Ever since I went public with the garden blog residing in a subfolder of this server account, I’ve been dogged with issues trying to keep the main domain private and the subdomain public.
The solution finally manifested itself after I lost access to both domains after an IP change. Because the main domain only responded to specific IP requests via the .htaccess file, I had to make some changes. An .htaccess file in the subdomain directory with the appropriate lines finally resolved the issue.

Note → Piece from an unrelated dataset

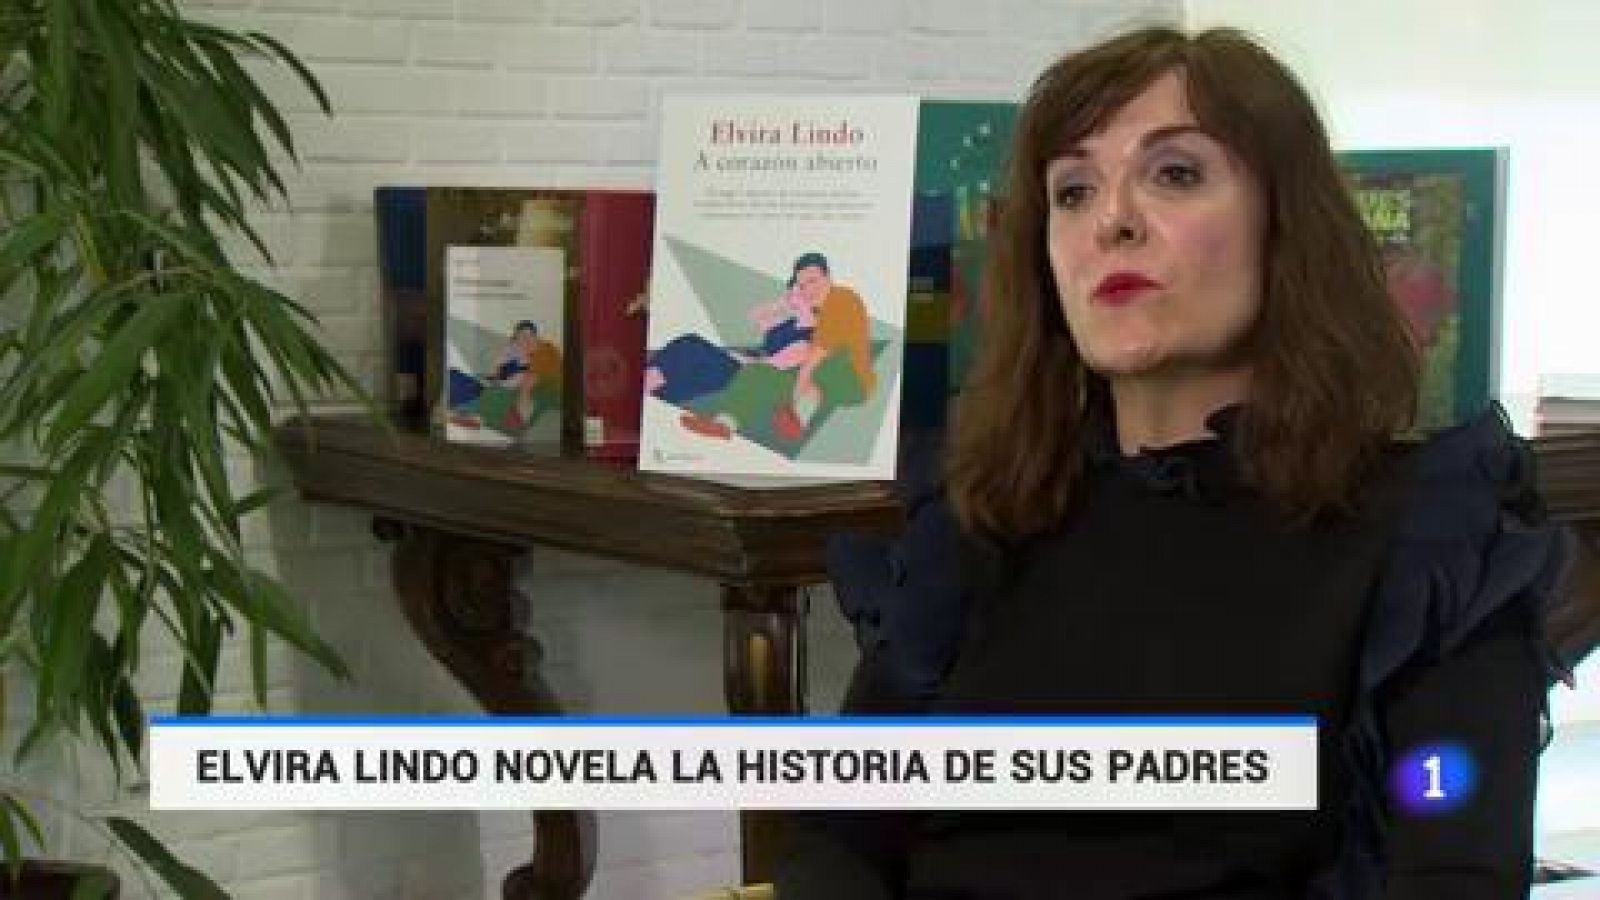 Elvira Lindo regresa a la novela, después de 10 años, con 'A corazón abierto'

For the main domain, I limited access to my IP address with the following:
# ALLOW ONLY SPECIFIC IPs
<Limit GET POST PUT>
Order Deny,Allow
Deny from all
Allow from xxx.xxx.xxx.xxx
</Limit>
I also had to permit public access to certain file-types, i.e. picture files, since my subdomain used the same WordPress content directory as the main domain:
# Allow only certain file types
<FilesMatch ".(ico|pdf|flv|jpg|jpeg|mp3|mpg|mp4|mov|wav|wmv|png|gif|swf|css|js)$">
Allow from All
</FilesMatch>
For the subdomain, I permitted the public GET, POST and PUT permissions:
# allow public access
<Limit GET POST PUT>
order allow,deny
allow from all
</Limit>
With the above, I retained privacy of my main domain, but gave public access to the subdomain served from a subfolder of the main WordPress site.